Hyperliquid runs a fully on-chain order book, yet its fee schedule looks more like a top-tier centralized exchange than a typical DEX — no gas per trade, no AMM spread, just maker/taker rates that decline with volume. Here's the complete picture.
The base schedule
At the entry tier, perpetuals cost roughly 0.01% maker / 0.035% taker (spot trades carry higher rates). Two things stand out against the CEX landscape: the taker rate undercuts the base tiers of Bybit (0.055%) and Binance (0.05%), and there's no separate "regular vs VIP application" system — everything is automatic.
How the tiers work
Fee tiers are computed from your rolling 14-day volume across all markets. As volume grows, both rates step down, with maker fees approaching zero at higher tiers and, at the top of the ladder, flipping into maker rebates — the exchange pays you to rest orders. There's no paperwork: the discount applies the moment your trailing volume qualifies.

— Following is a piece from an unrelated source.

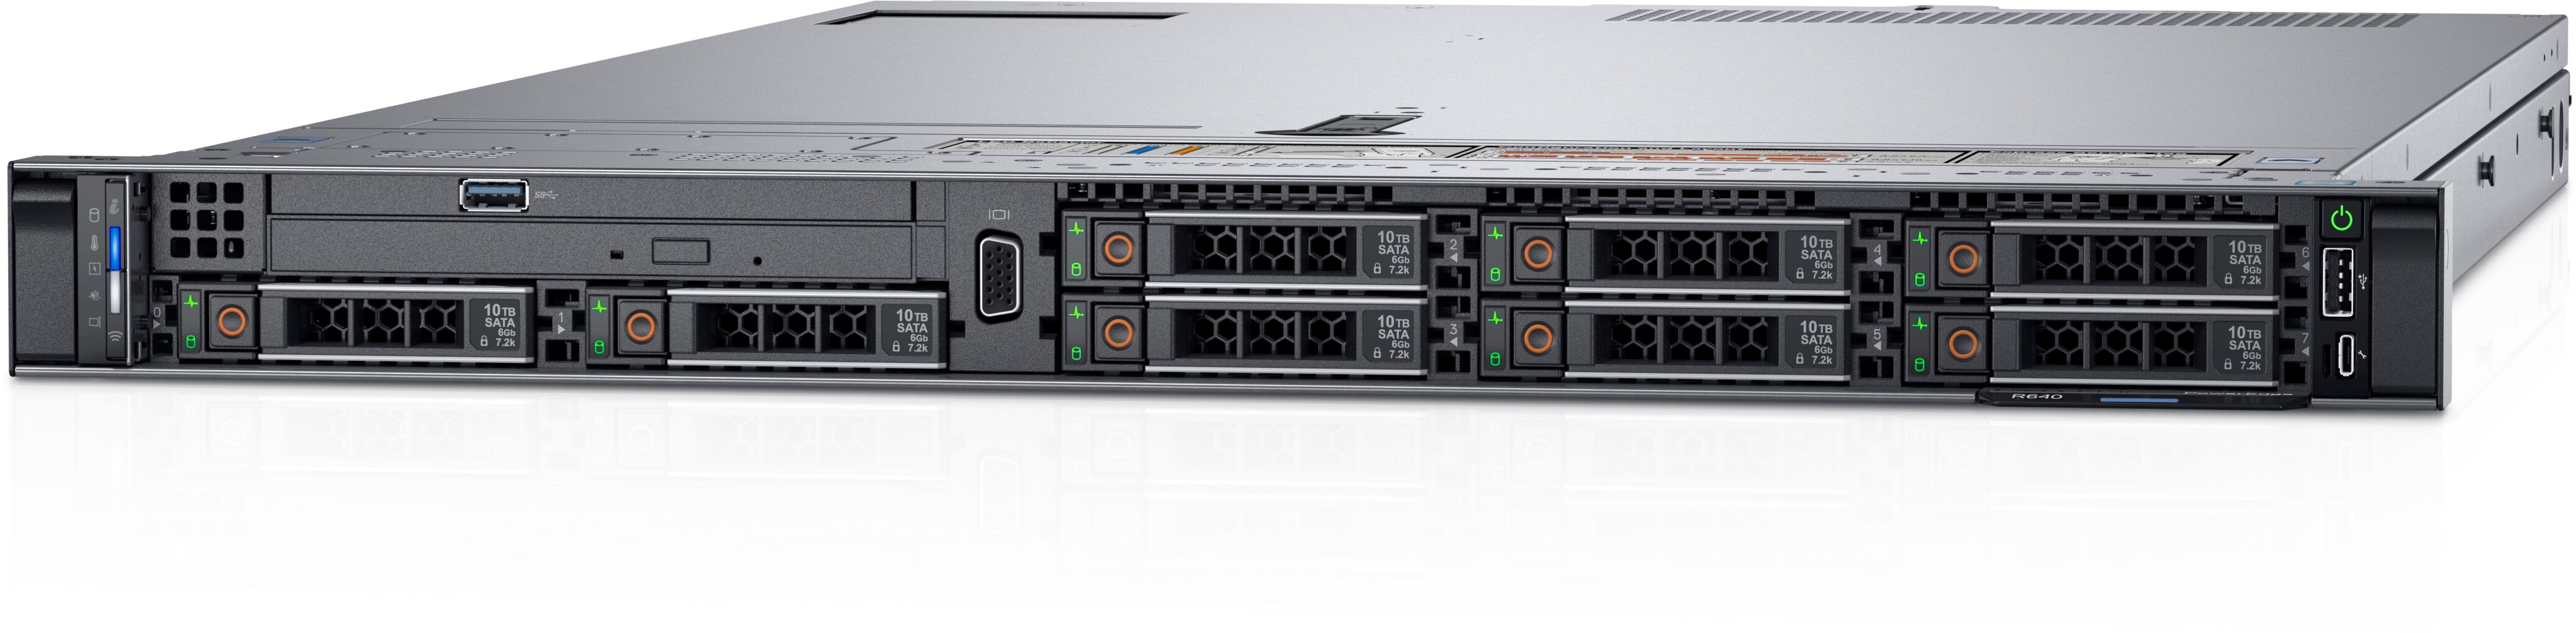 PowerEdge R640 Rack Server : Servers | Dell Australia

On top of volume tiers, staking HYPE (the native token) applies a further percentage discount to your fees. For active traders the combination compounds meaningfully.
Funding: hourly, not 8-hourly
Hyperliquid settles funding every hour rather than the CEX-standard 8 hours. The rate per interval is correspondingly smaller, but don't confuse the cadence with the cost — compare annualized. Hourly settlement smooths carry costs and makes short-hold positions cheaper to time, and it's one reason cross-venue funding arbitrage often involves Hyperliquid on one leg. You can watch its current rates against other venues on our live funding page.
Worked example
Take a $10,000 perp round trip as a taker at base tier:
- Entry fee: $10,000 × 0.035% = $3.50
- Exit fee (flat price): another $3.50 — about $7 total, or 0.07% of notional
- The same round trip at Bybit's base 0.055% taker: $11
- As a maker on Hyperliquid instead: $10,000 × 0.01% × 2 = $2
Small numbers per trade; decisive at scale. A strategy doing $1M of monthly taker volume pays ~$350/month here versus ~$550 at a 0.055% venue — and the gap widens as tiers kick in. Run your own sizes through the fee calculator, which compares the identical trade across ten venues.
What fees don't capture
Two caveats for fairness. First, slippage: for very large orders in majors, deeper CEX books can beat a lower fee schedule — total execution cost is fees plus impact. Second, spot fees on Hyperliquid are higher than its perp fees; the headline rates you see quoted are the perp schedule.
Verdict
For active perp traders — especially maker-heavy or high-frequency styles — Hyperliquid's schedule is among the most competitive anywhere, with the bonus of self-custody and no KYC. Verify the current schedule on the exchange before trading (tiers and staking discounts evolve), and remember that leverage multiplies the *relative* weight of fees on your margin, as we cover in How Leverage Changes Your Trading Costs.